Sunday, March 12, 2006

Human revolution

i feel as if my life has shortened.

i feel this way after each long flight to or fro U.S....those irritating, troublesome and inconsiderate passengers..worst still, impatient..argh..

this job is a training ground for me to polish my character in becoming a better person, which is what buddhism will term as human revolution.

it is a constant struggle for me, and it takes less than a minute for one to decide what kind of person we want to be from moment to moment, right there at that very instant.

there is a very thin line between being humble and allowing others to take advantage of. For example, when a senior starts being bossy and all, i have 2 options. one is to retaliate in subtle way and the other, to swallow it down. The former feels as if "revenge" has been taken and sends signal that i am not one easily bullied.
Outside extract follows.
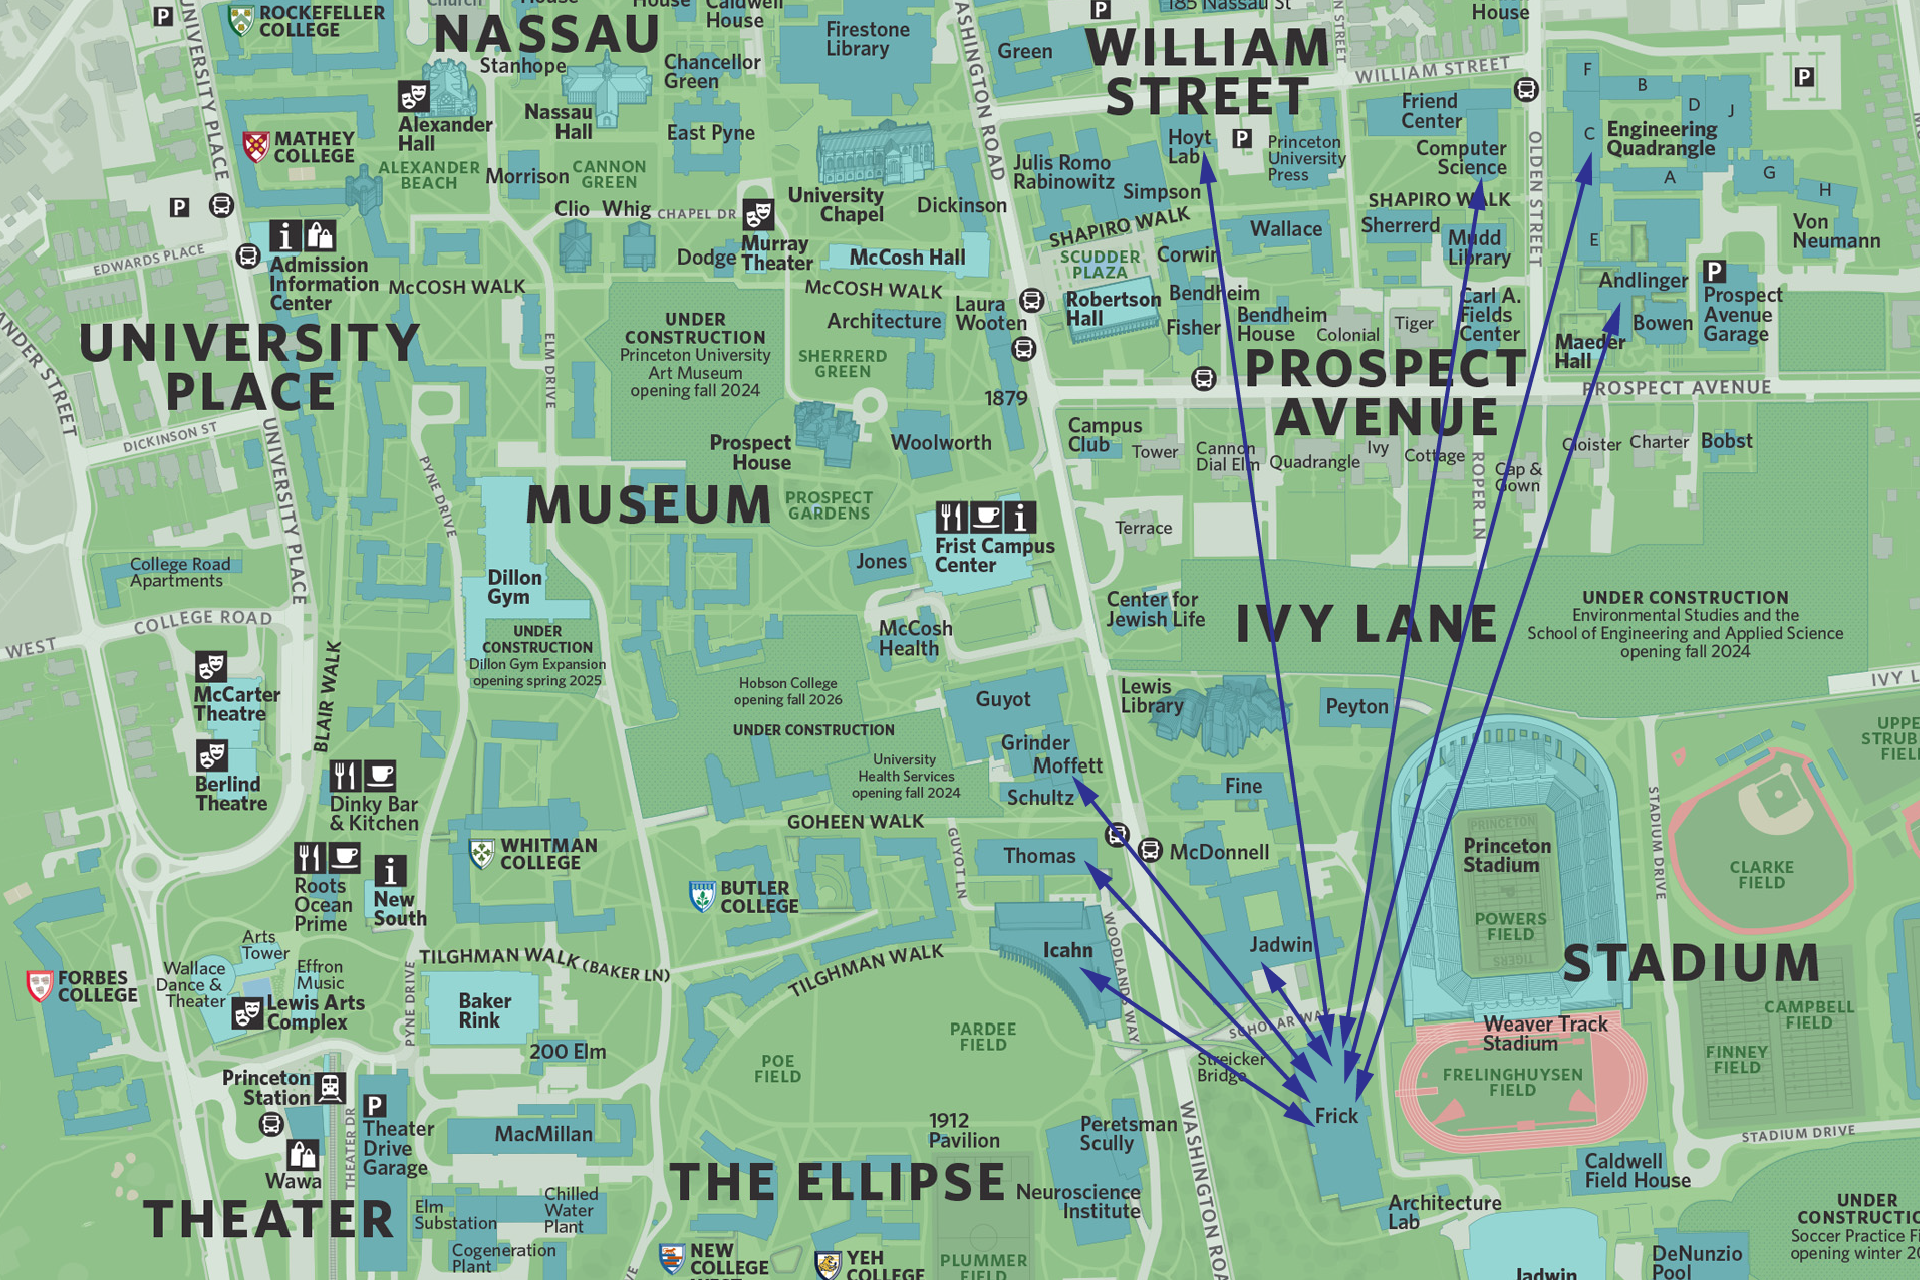 Map of Princeton University campus depicting connections between Chemistry and other departments.

It can feel quite good but it is also the 1st step to becoming an ugly person.
The latter, on the other hand, makes one feel unhappy but it will only last for a while. with the right mindset and attitude, knowing that the law of cause and effect based on buddhism, one can be happier by choosing this option.

however, it takes alot of conscious effort to not choose #1 since it is human tendency to do that.

no matter what,only in my job can i really put human revolution and polish my character based on what i learnt in buddhism in practice. perhaps, in other jobs, i will be too busy and distracted with the technicalities of the job and neglect the most important thing in life, and that is character-building.